─── PROVIDED ENTRIES ───

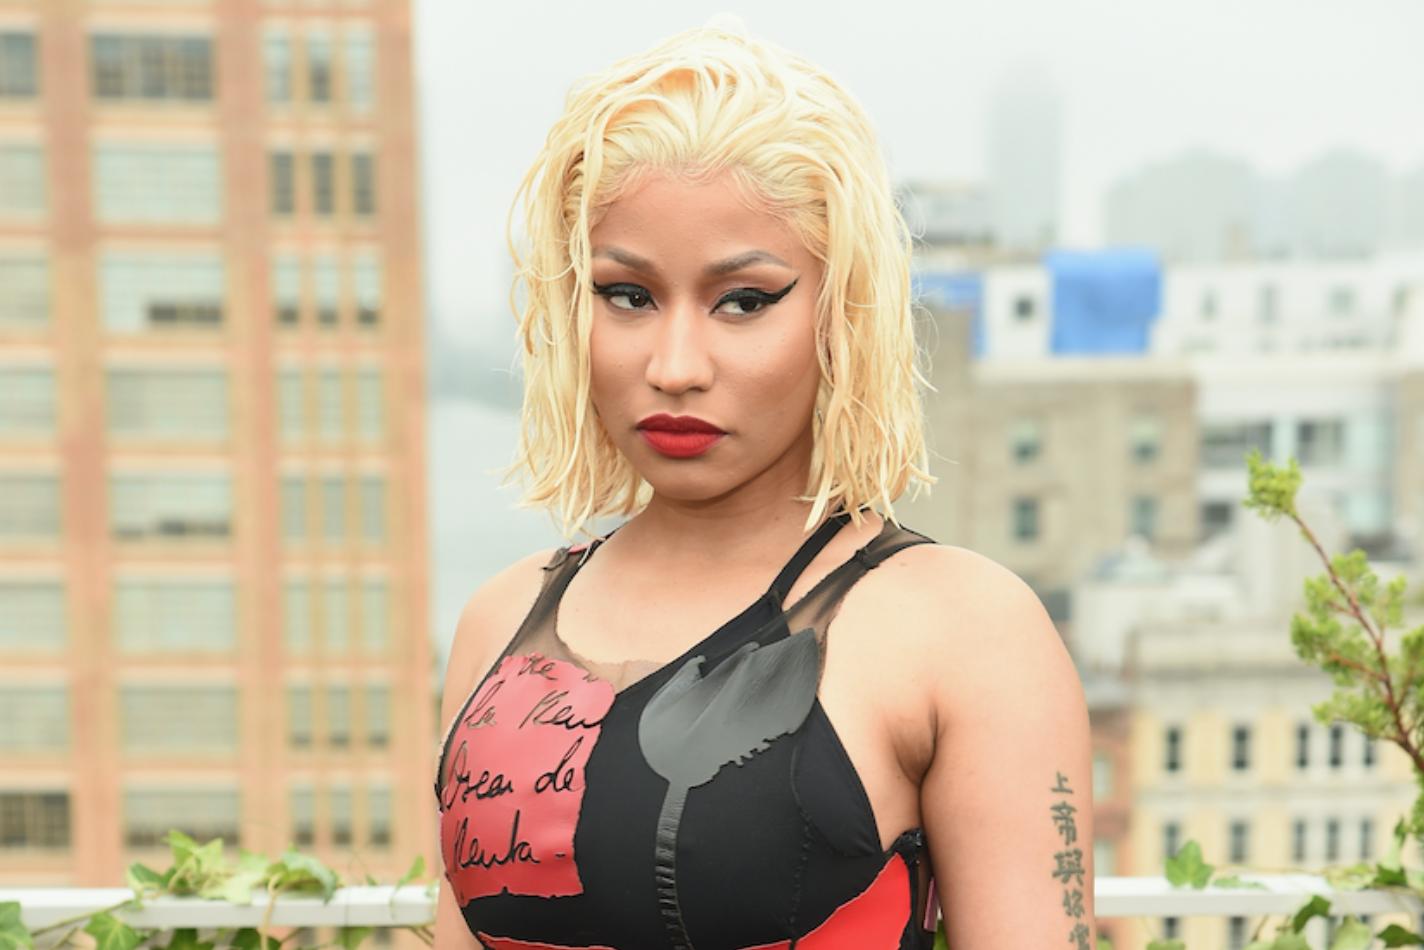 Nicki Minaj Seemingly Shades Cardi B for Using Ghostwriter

───
─── PROVIDED ENTRIES ───

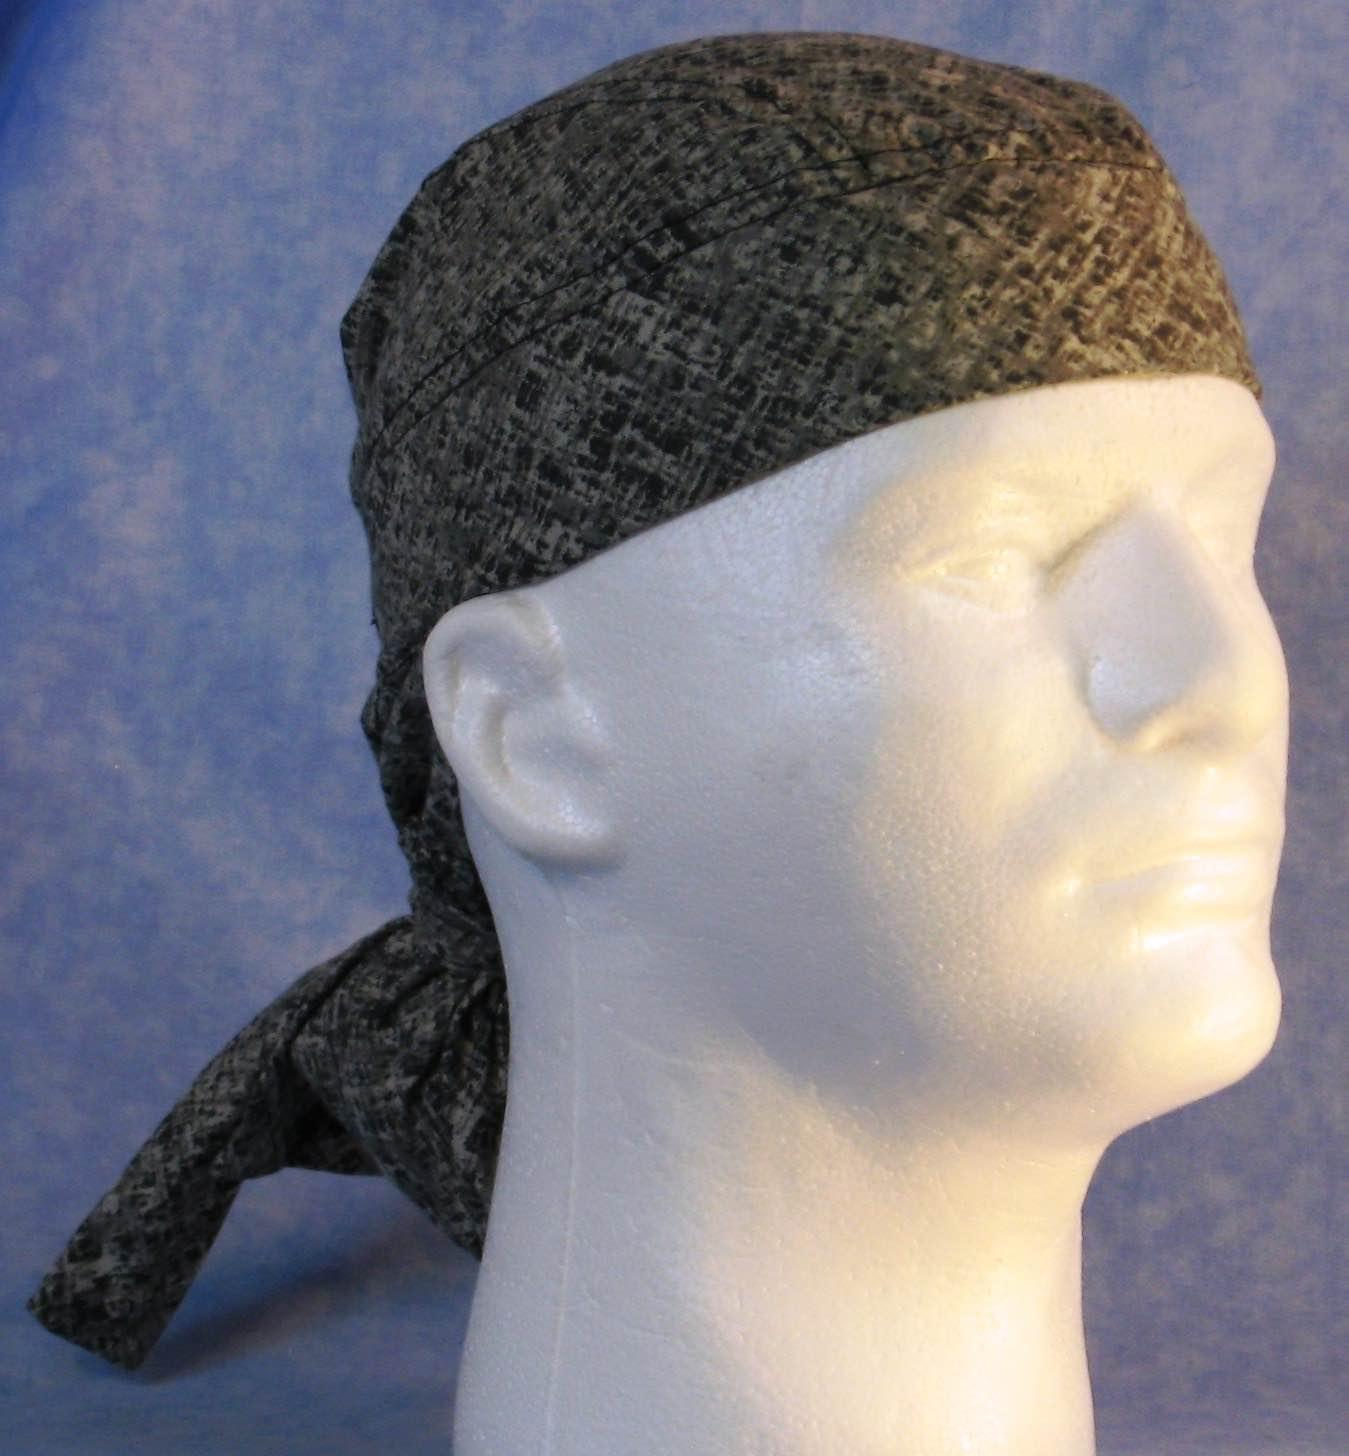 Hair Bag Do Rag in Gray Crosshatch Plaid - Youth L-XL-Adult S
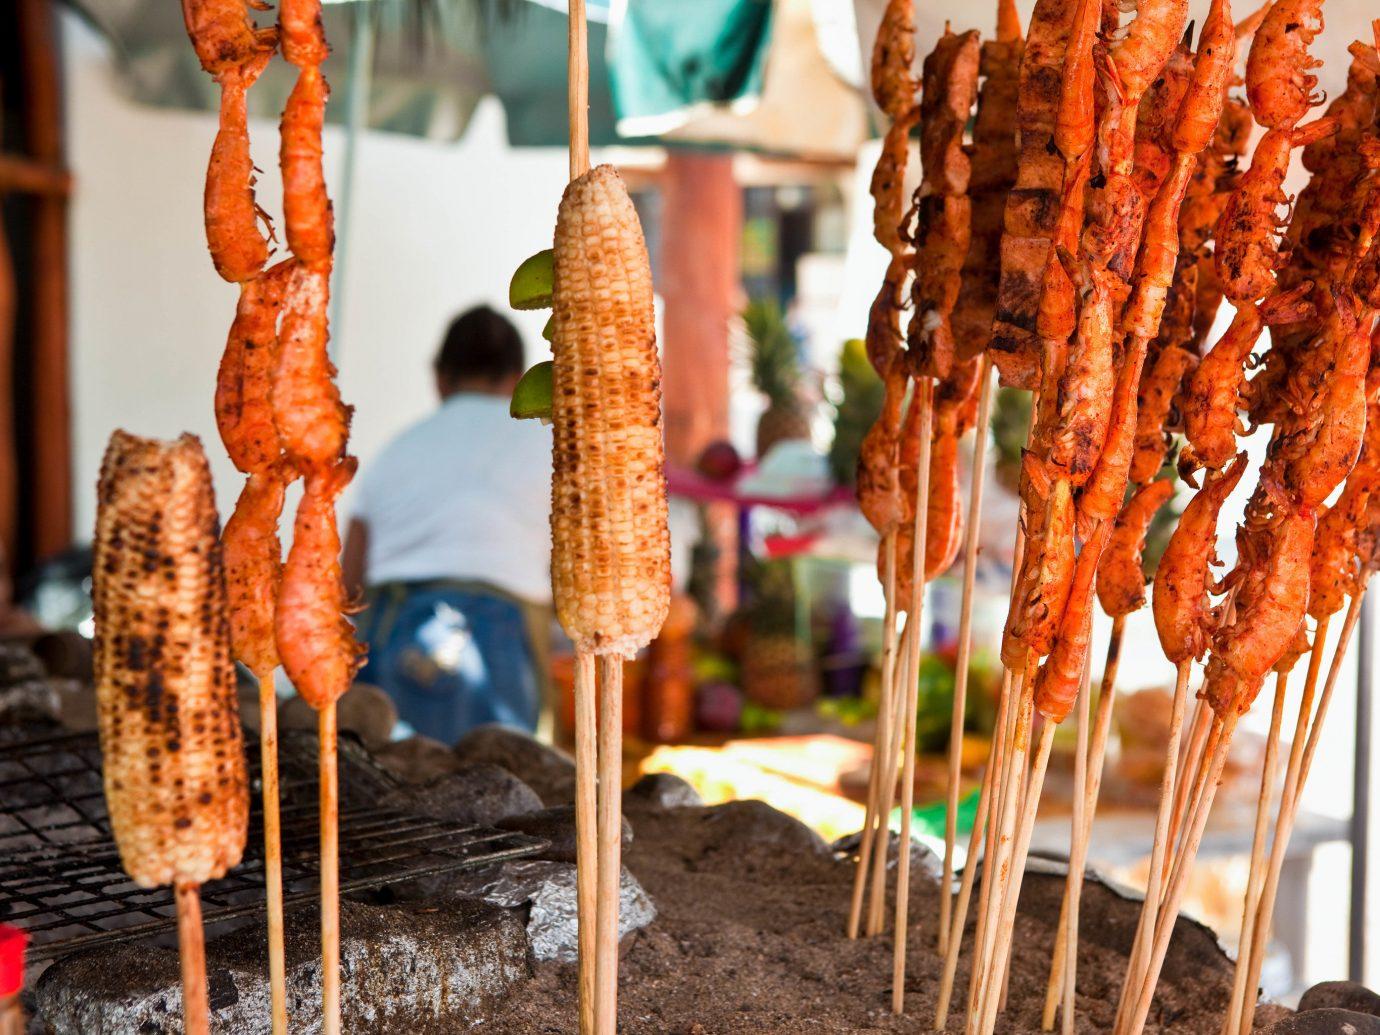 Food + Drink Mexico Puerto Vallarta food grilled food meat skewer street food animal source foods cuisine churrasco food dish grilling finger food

───
─── PROVIDED ENTRIES ───

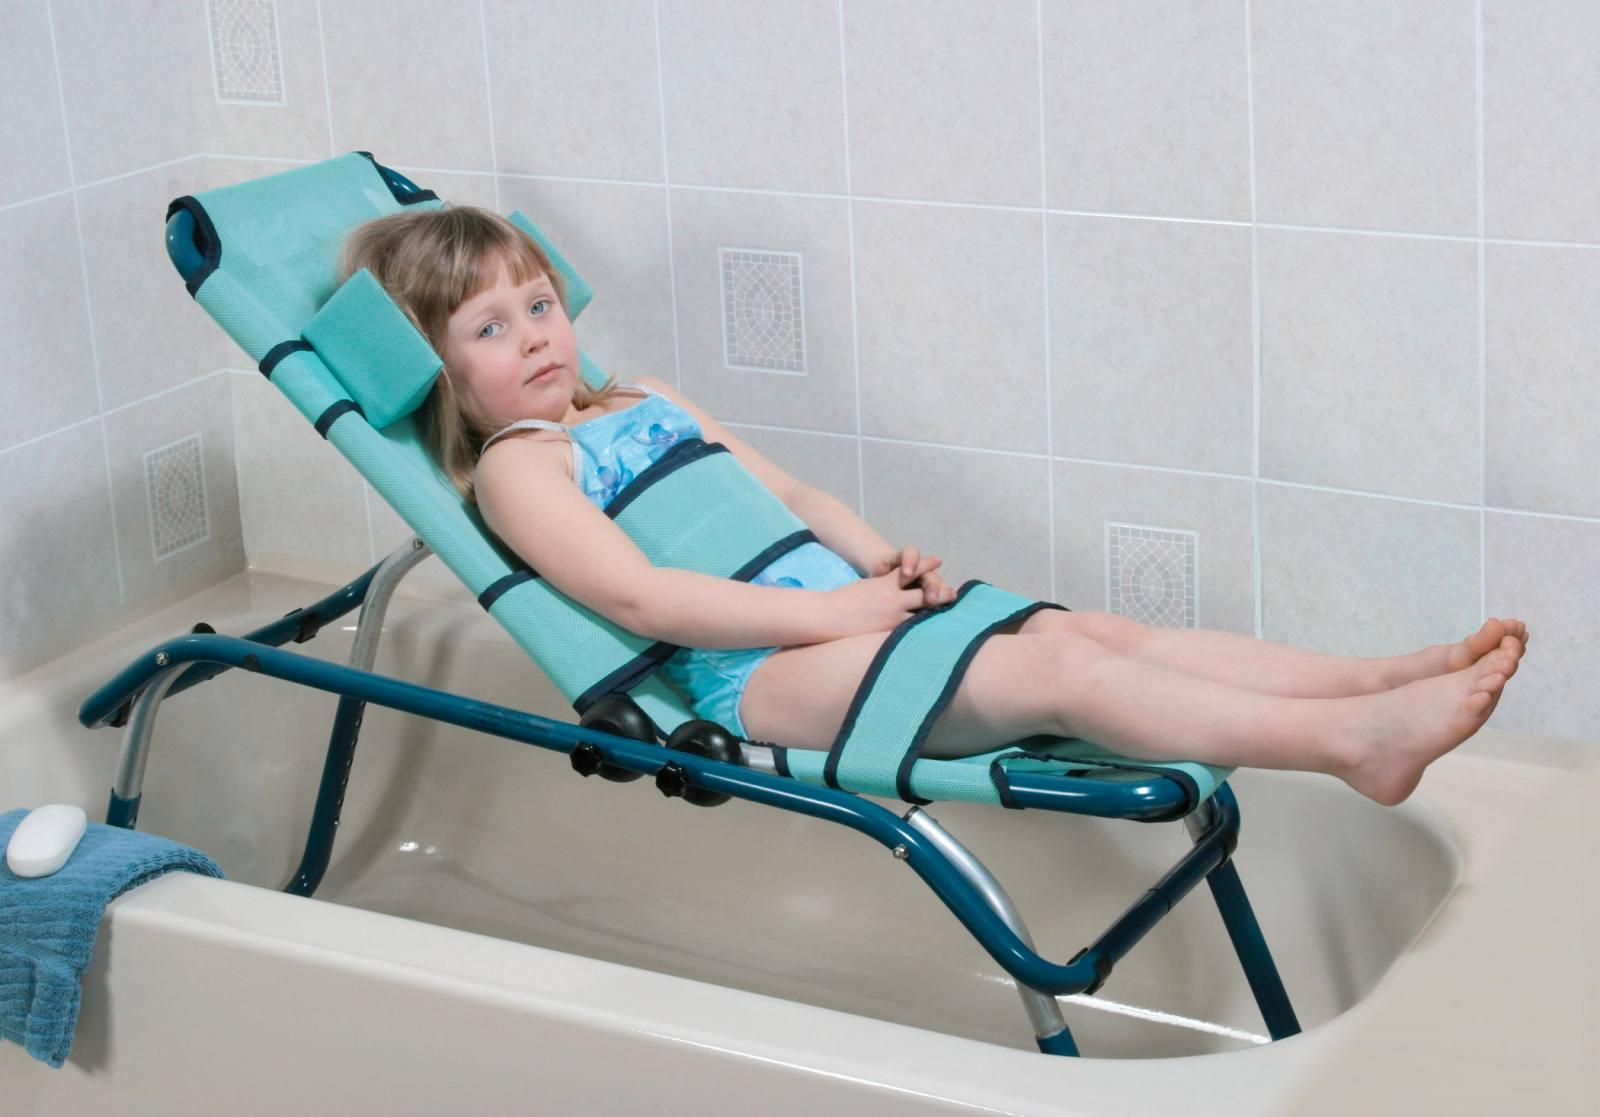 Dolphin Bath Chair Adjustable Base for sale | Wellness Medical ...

───

Your output should be the lines above from the one that contains "Hair Bag Do" through the one that contains "Food + Drink", word for word, with pictures left out.

 Hair Bag Do Rag in Gray Crosshatch Plaid - Youth L-XL-Adult S
 Food + Drink Mexico Puerto Vallarta food grilled food meat skewer street food animal source foods cuisine churrasco food dish grilling finger food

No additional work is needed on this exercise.